** Exercise objective **
If you see a picture in the data below, omit it and copy the rest exactly.

** Supplied information **
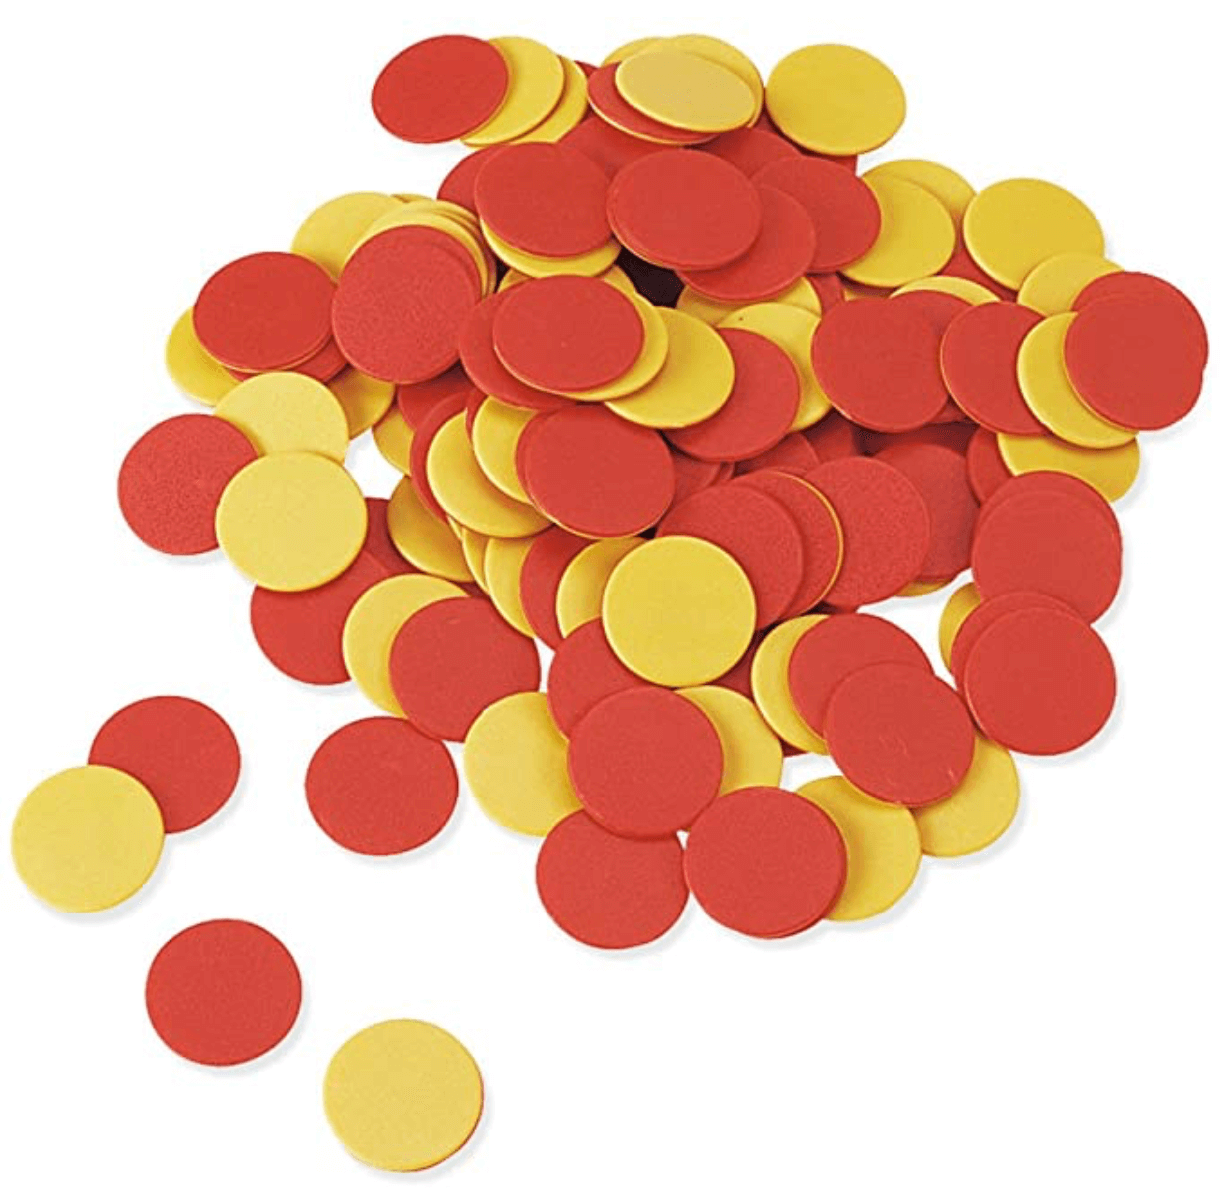 TWO COLOR COUNTING CHIPS
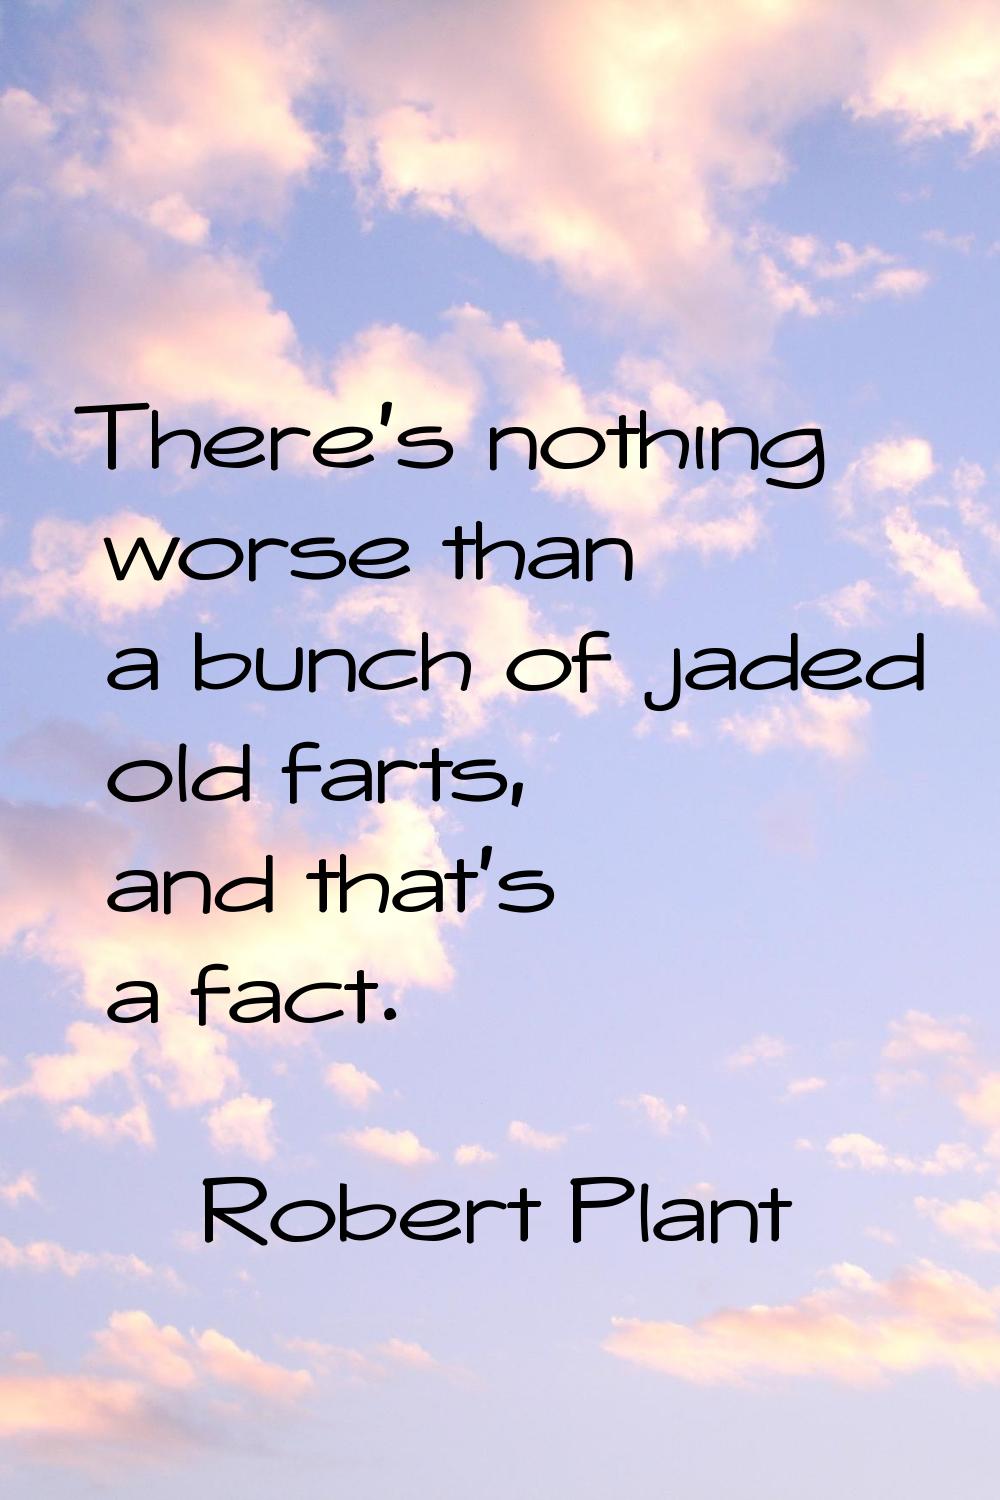 There's nothing worse than a bunch of jaded old farts, and that's a fact.
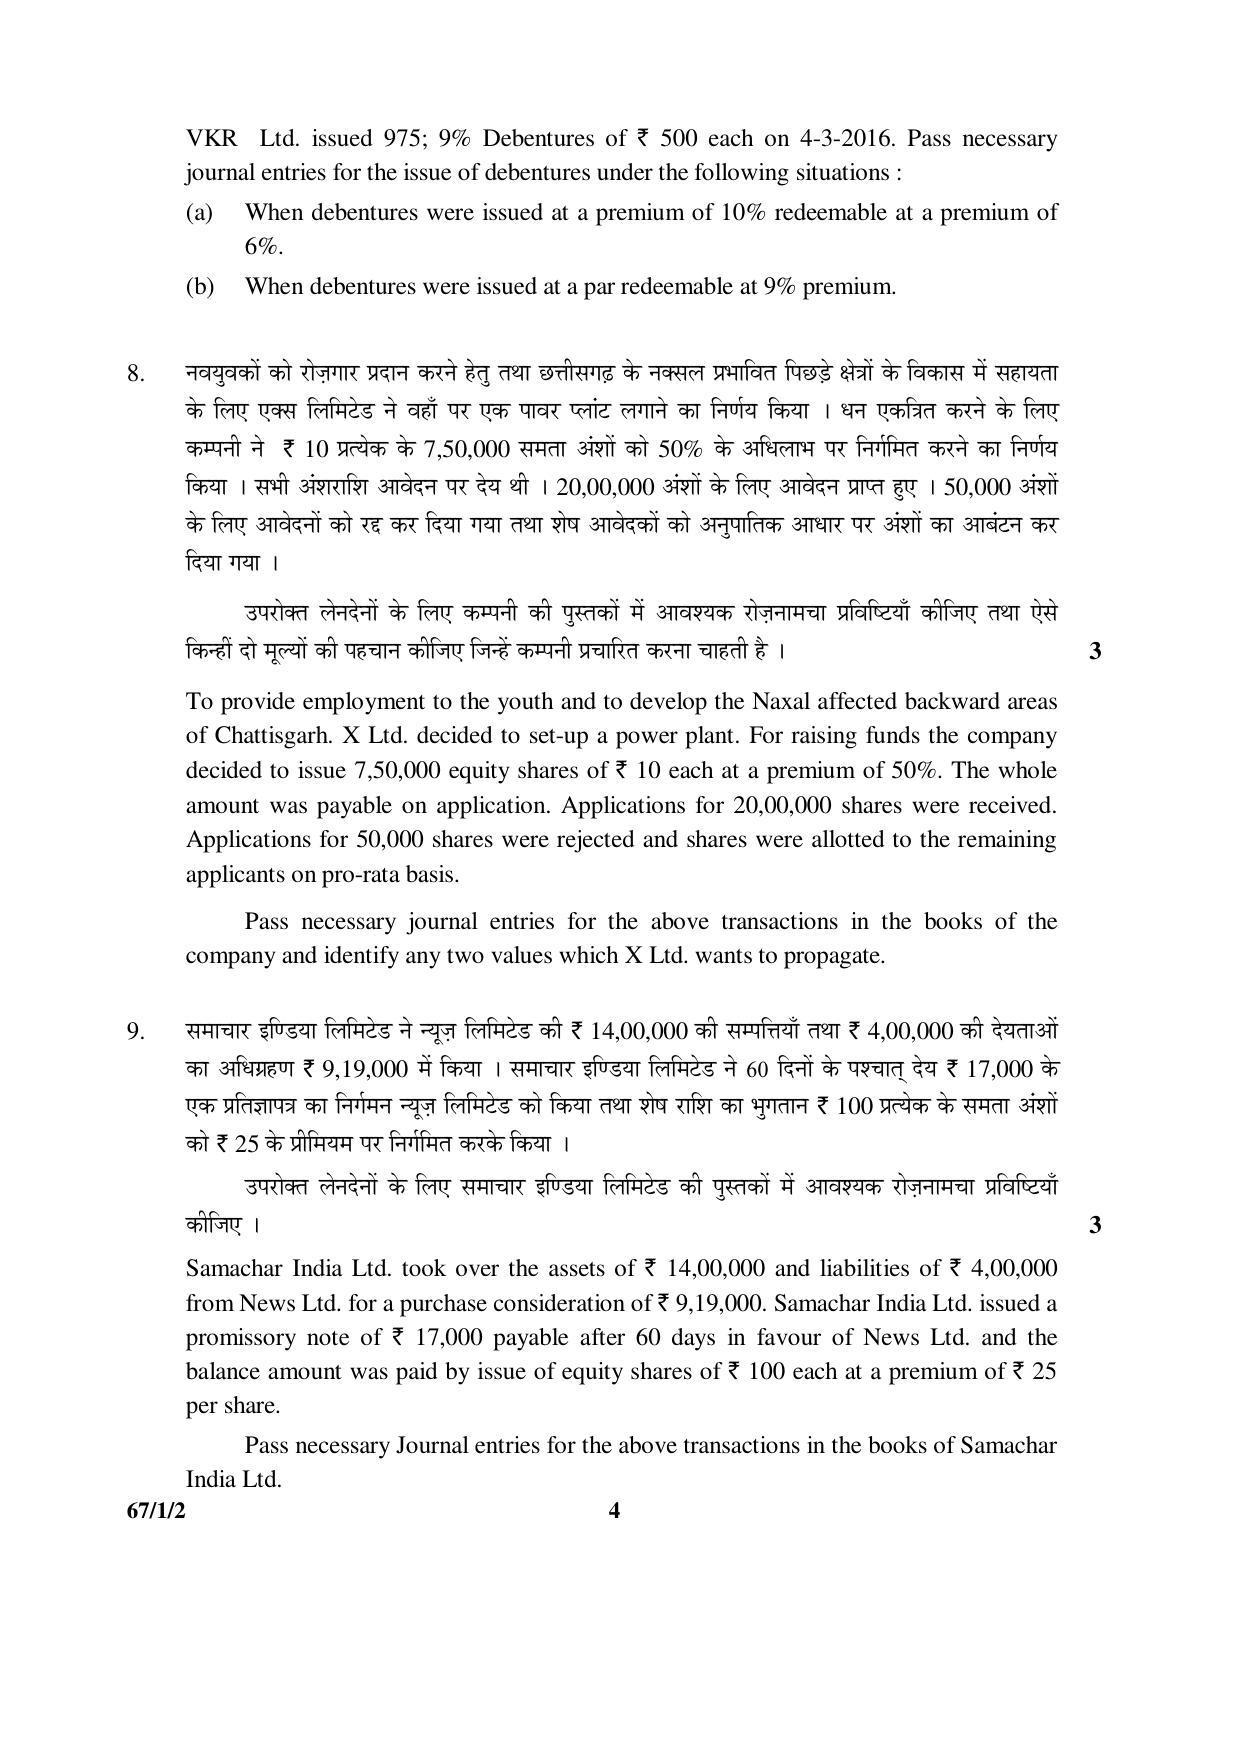 CBSE Class 12 67-1-2 ACCOUNTANCY 2016 Question Paper - Page 4

** The completed task **
 TWO COLOR COUNTING CHIPS
 There's nothing worse than a bunch of jaded old farts, and that's a fact.
 CBSE Class 12 67-1-2 ACCOUNTANCY 2016 Question Paper - Page 4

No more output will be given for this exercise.